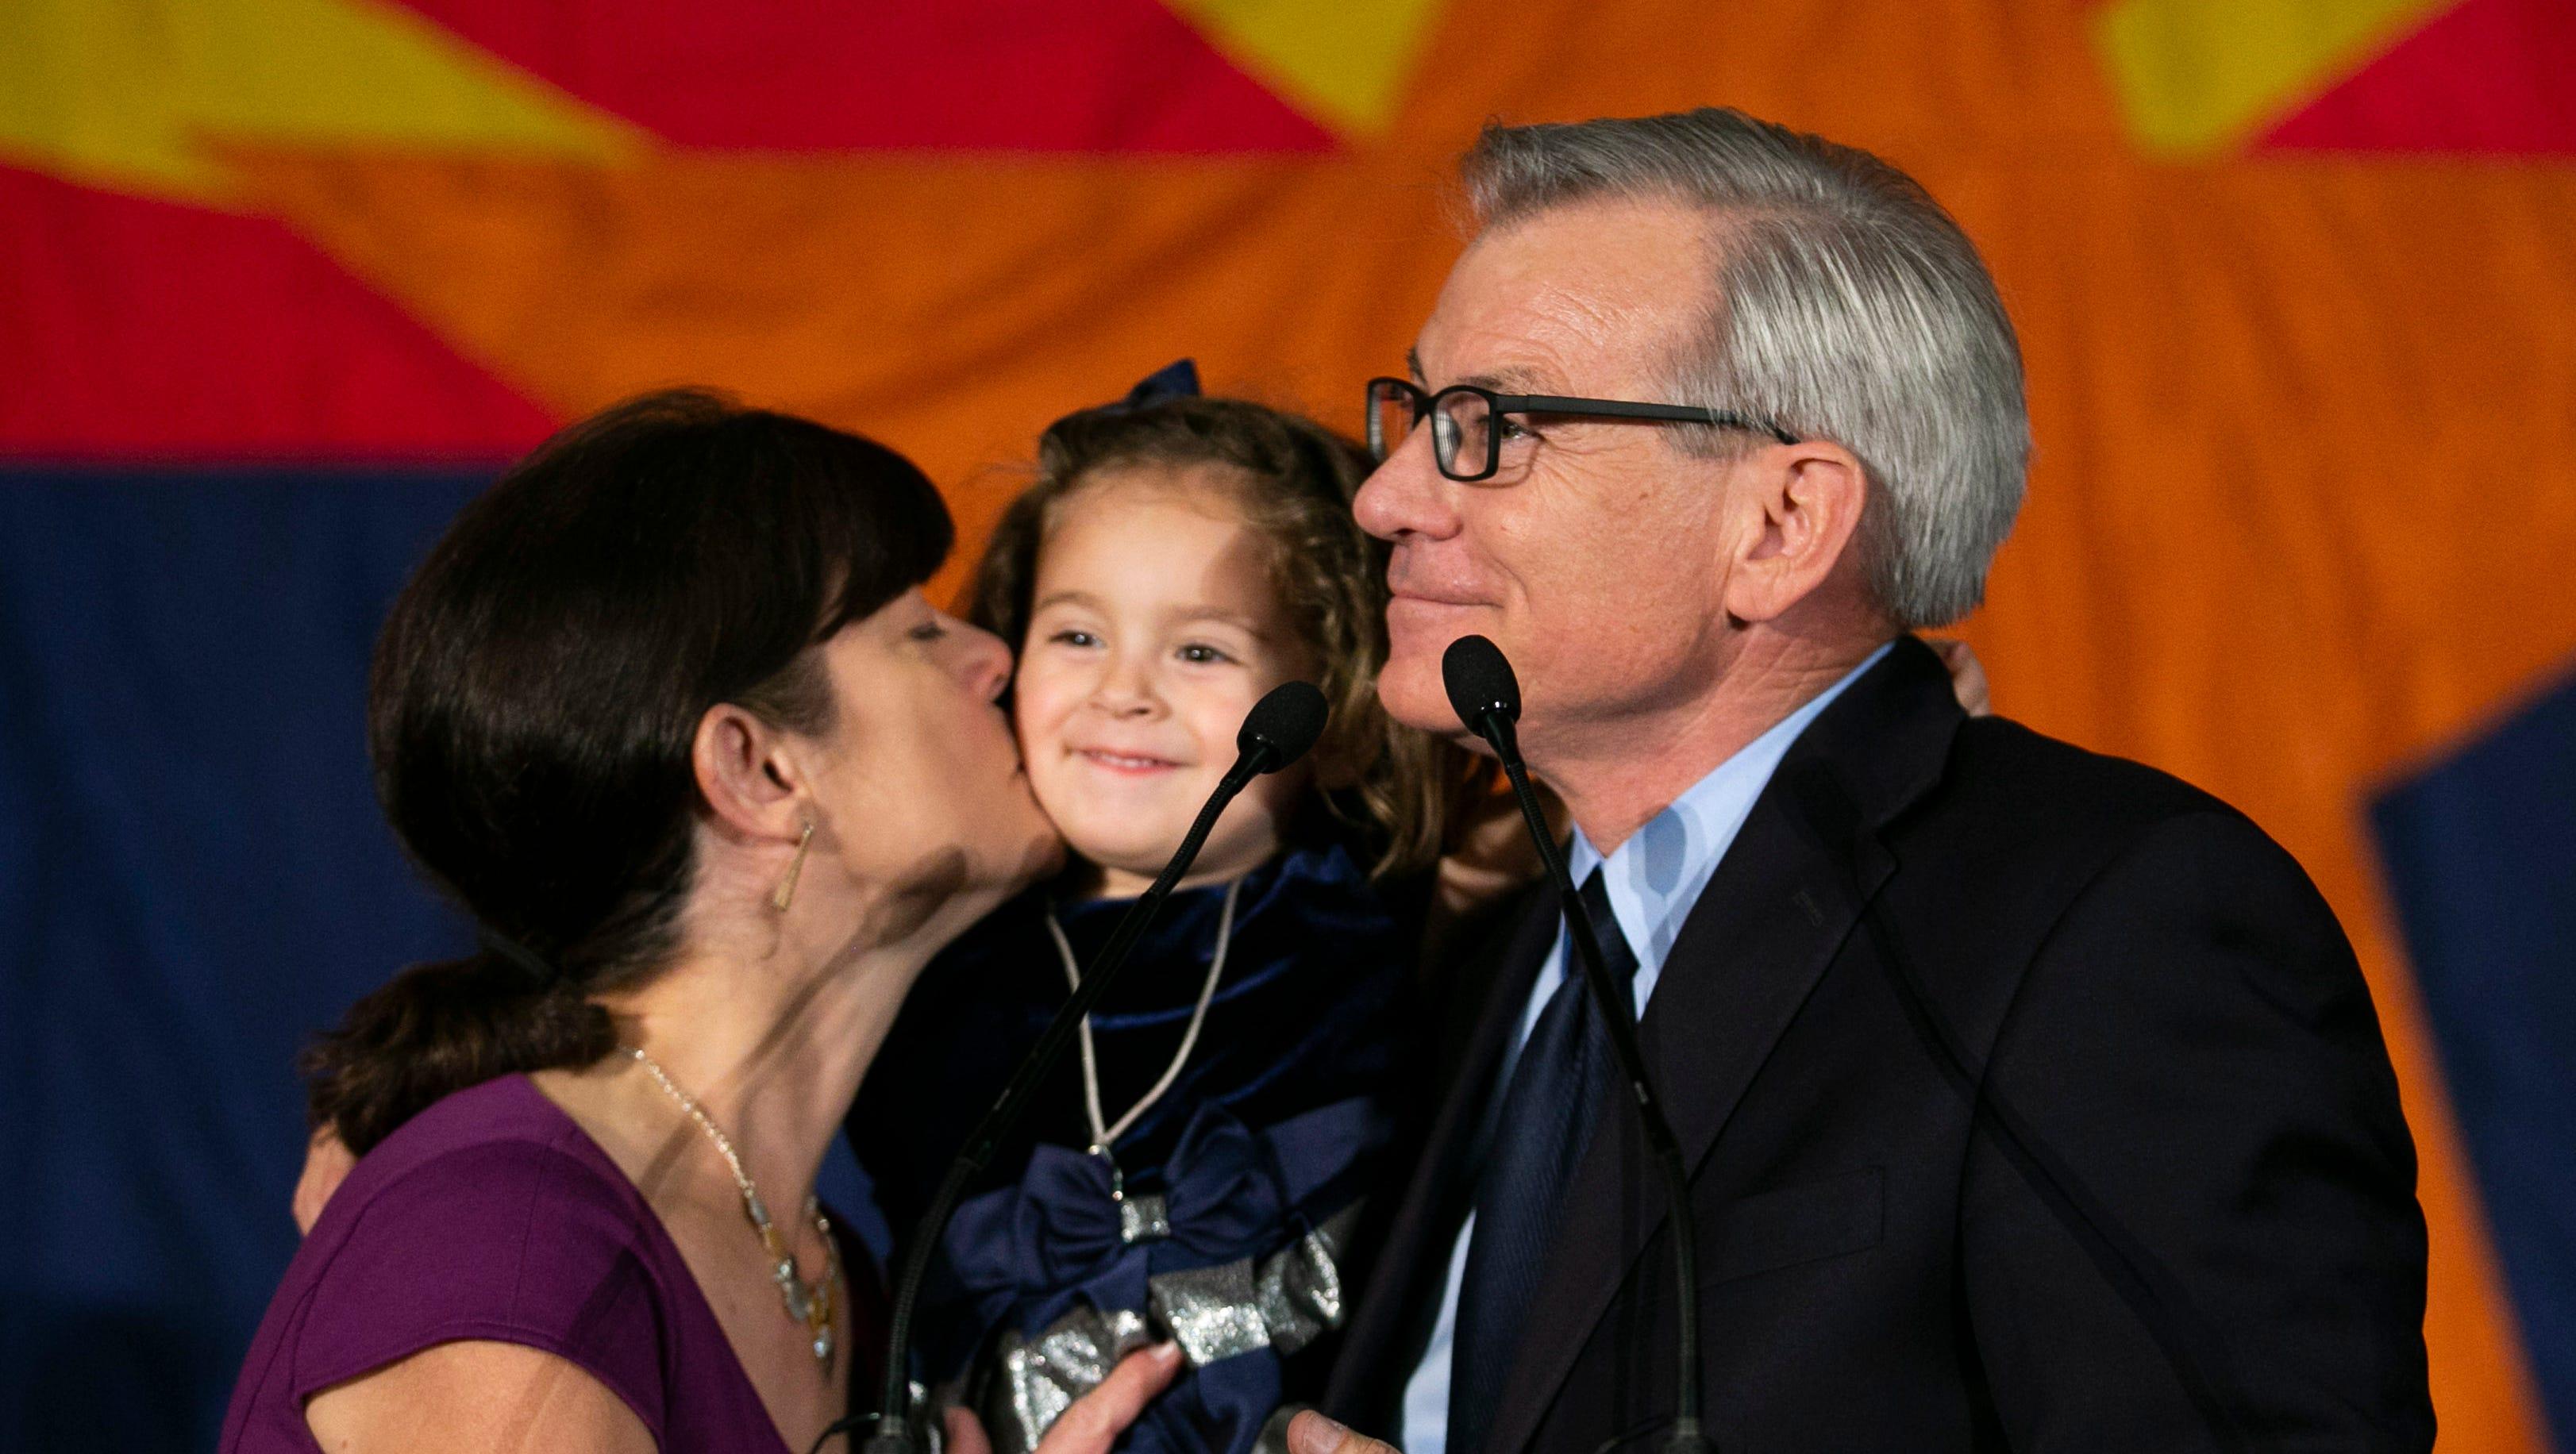 David Schweikert defeats Anita Malik in Arizona's Congressional District 6 race
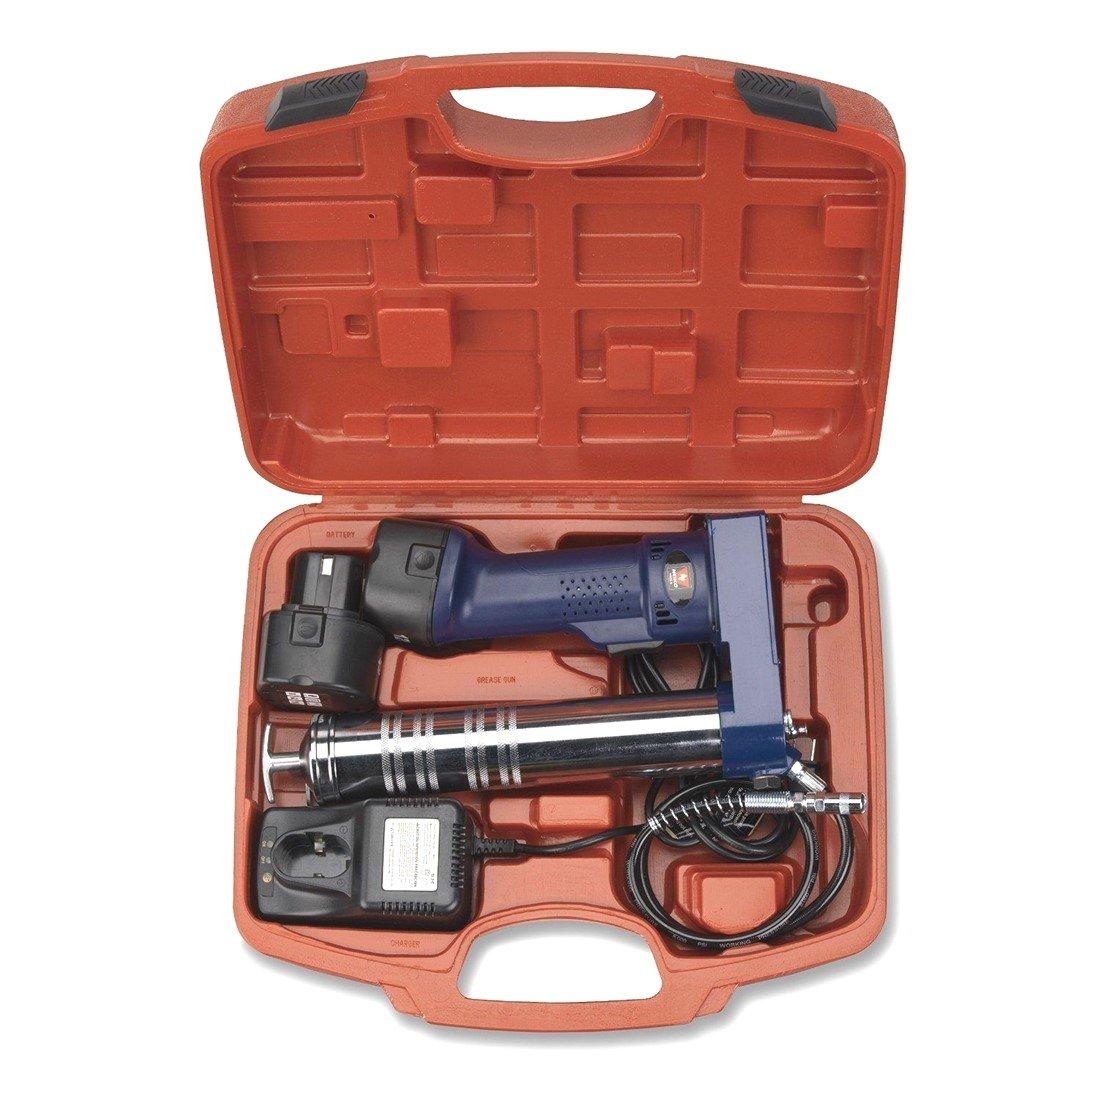 Cordless Rechargeable Grease Gun | 2 x 12V Battery Automotive Mechanics Tool
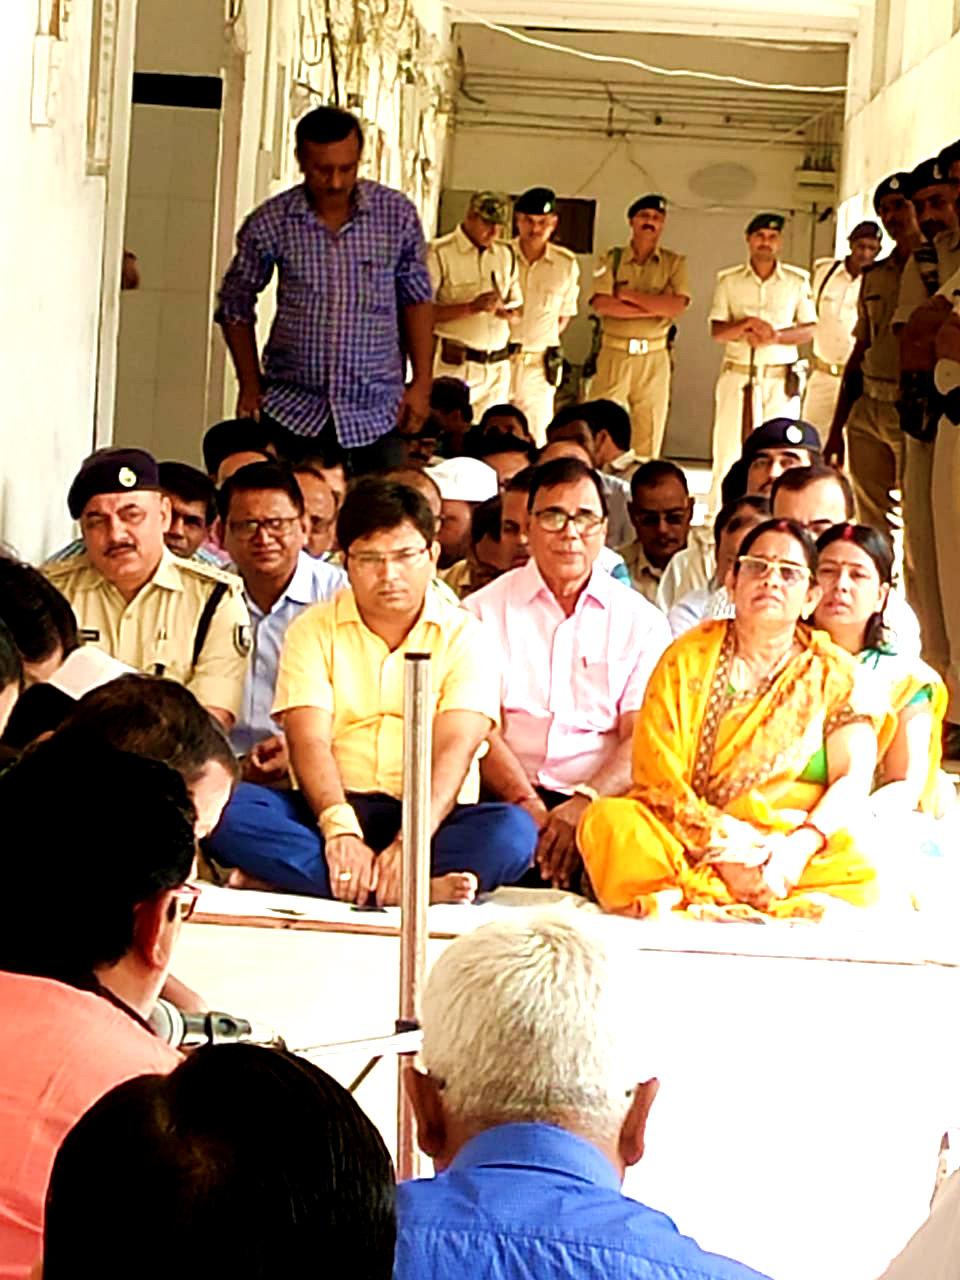 Samajsevi Dr.Bhupendra Madhepuri along with DM Navdeep Shukla, SP Sanjay Kumar, Zila Parishad Adhyaksha Manju Devi, DDC Vinod Kumar Singh, ADM Upendra Kumar & others attending
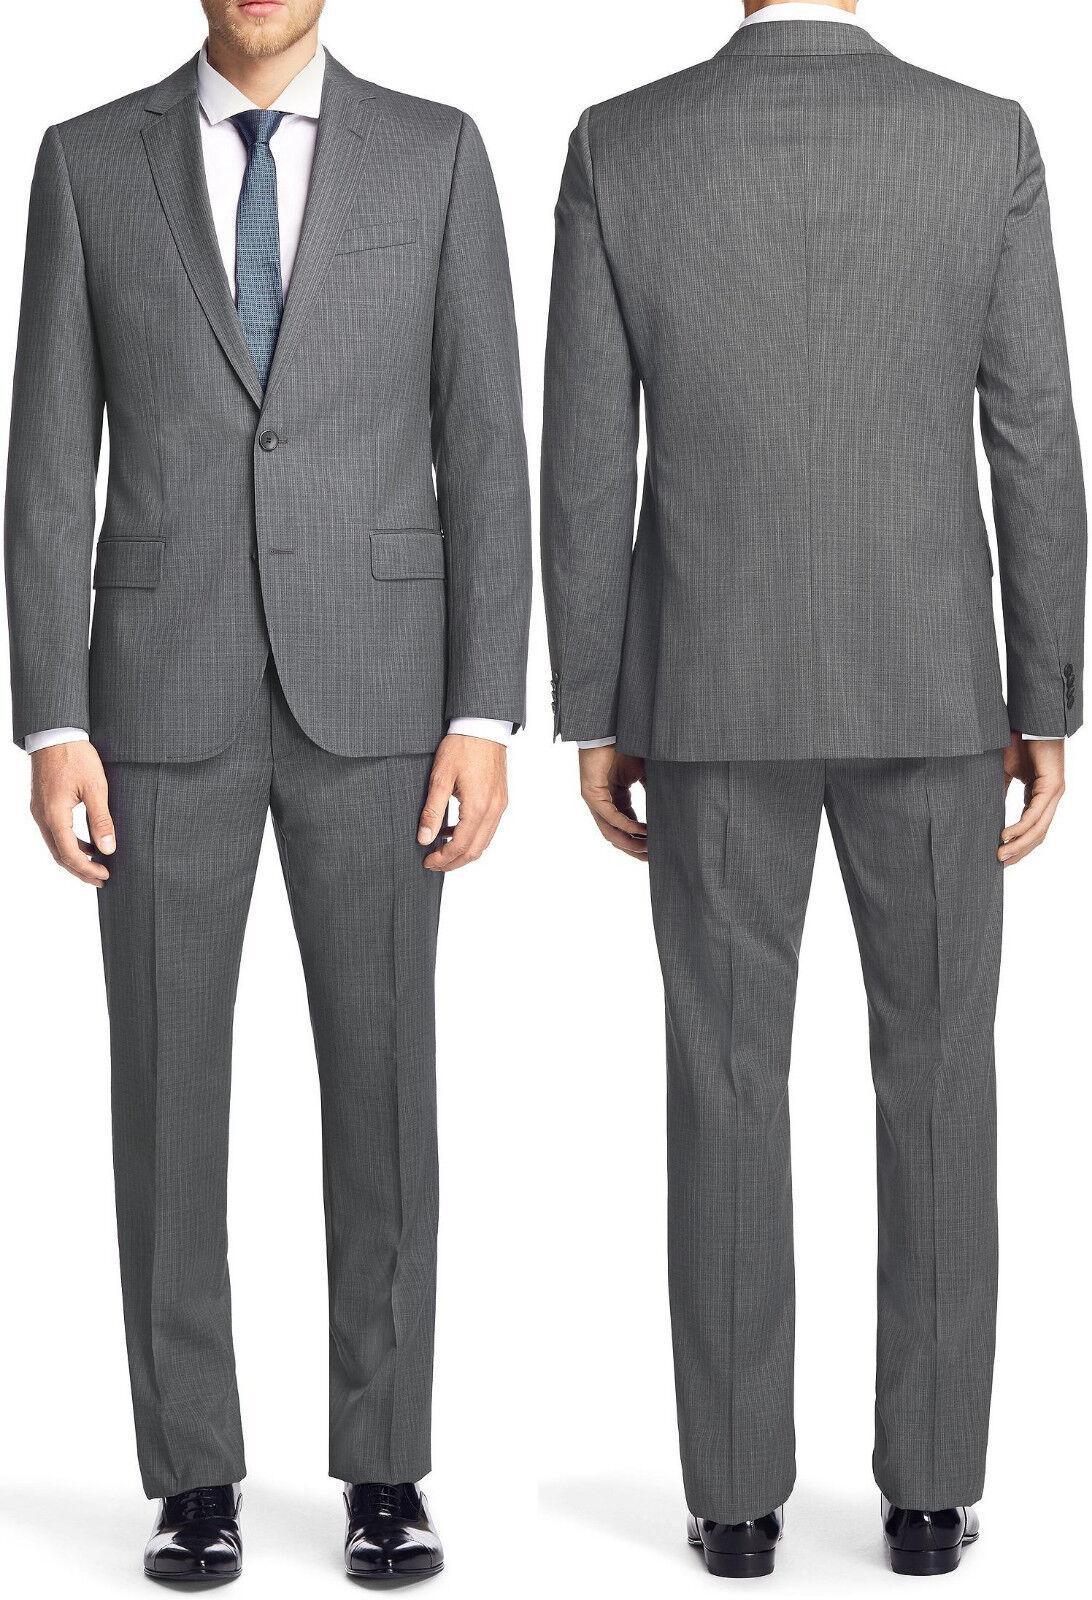 NWT Hugo (Hugo Boss) 100 Super Wool Luxurious Slim Fit Business Suit 38R

::::::::::

Required work: I'd like the material repeated word for word, without the pictures it holds.

Output:
 David Schweikert defeats Anita Malik in Arizona's Congressional District 6 race
 Cordless Rechargeable Grease Gun | 2 x 12V Battery Automotive Mechanics Tool
 Samajsevi Dr.Bhupendra Madhepuri along with DM Navdeep Shukla, SP Sanjay Kumar, Zila Parishad Adhyaksha Manju Devi, DDC Vinod Kumar Singh, ADM Upendra Kumar & others attending
 NWT Hugo (Hugo Boss) 100 Super Wool Luxurious Slim Fit Business Suit 38R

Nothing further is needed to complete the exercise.